El reporte cumple su función: muestra el atraso, la diferencia, el vencimiento o el consumo fuera de lo previsto. Lo que ocurre después no está en el tablero. Alguien tiene que mirar el número, entender qué lo produjo, resolver si corresponde actuar, pedirle la corrección a quien puede hacerla y verificar que el resultado quedó registrado donde importa.
Ese tramo suele repartirse entre un comité mensual, un acta con acuerdos y una lista de pendientes que sobrevive hasta la reunión siguiente. El mismo desvío reaparece en el informe del período, sin que nadie pueda reconstruir si se revisó, si se decidió algo o si simplemente volvió a pasar.

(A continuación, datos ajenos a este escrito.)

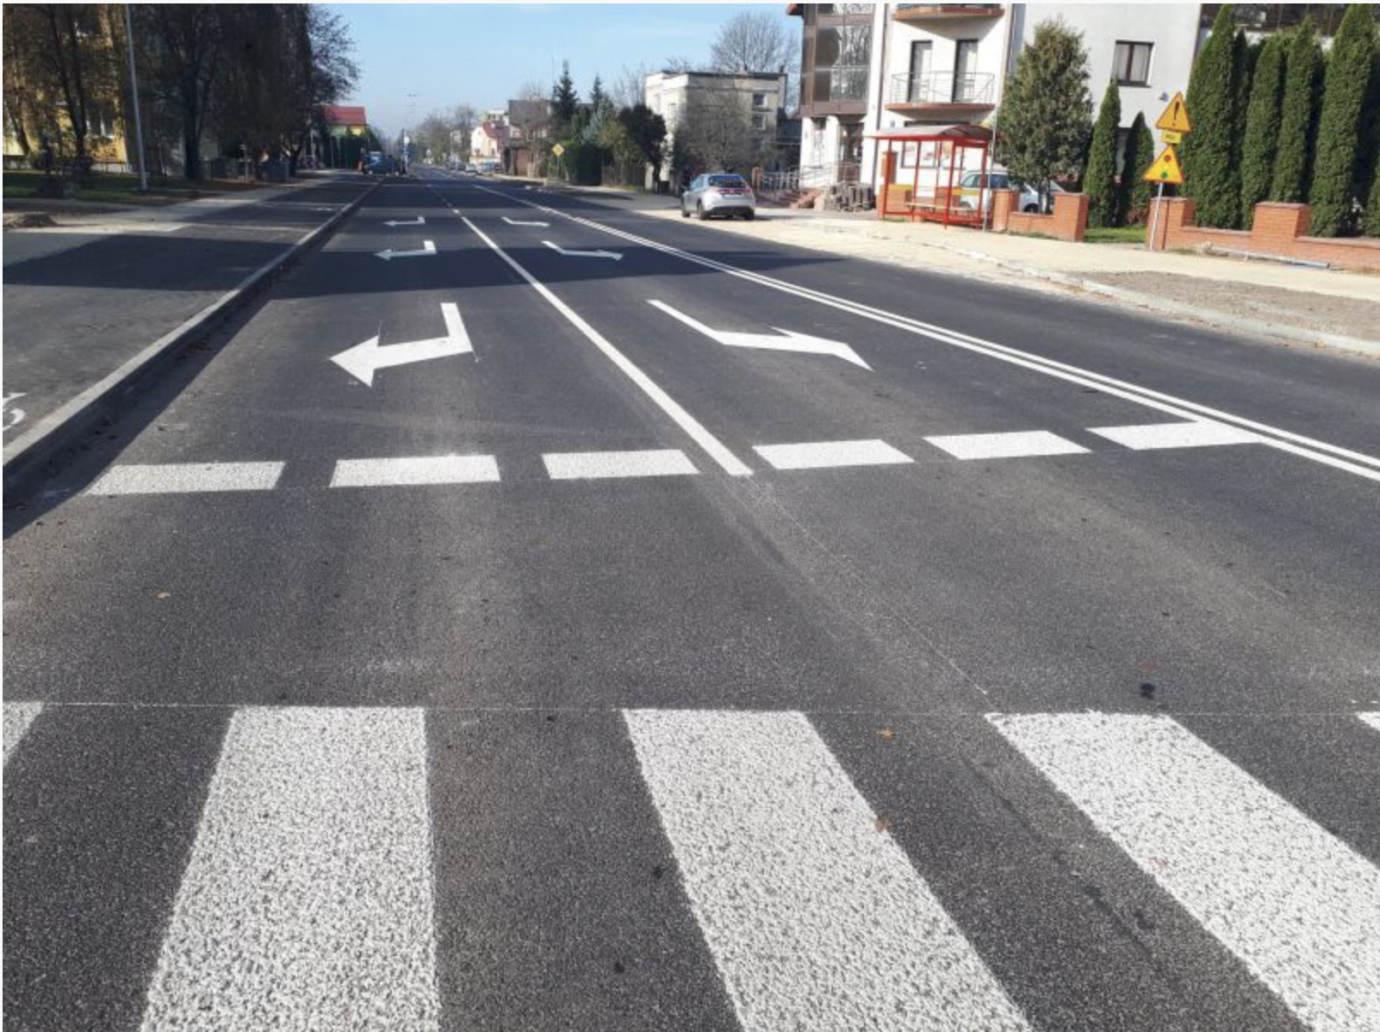 zrzut ekranu 2019 11 7 o 15 09 01 Dobra wiadomość! Kolejne ulice w Zamościu odebrane!

El seguimiento posterior se arma con lo que hay a mano: el informe en Microsoft Power BI o en la herramienta de reporting corporativa que muestra el desvío, una planilla de Microsoft Excel donde alguien copia los casos del mes para no perderlos, y correo para pedir la explicación al área responsable. Cada pieza cumple su función y ninguna deja constancia de quién quedó a cargo del desvío, qué se resolvió y con qué evidencia se dio por cerrado.
Aun cuando el dato sea correcto, el reporte no asigna ni verifica la respuesta. Lo que falta es que alguien tome el desvío, resuelva qué hacer y lo cierre con evidencia.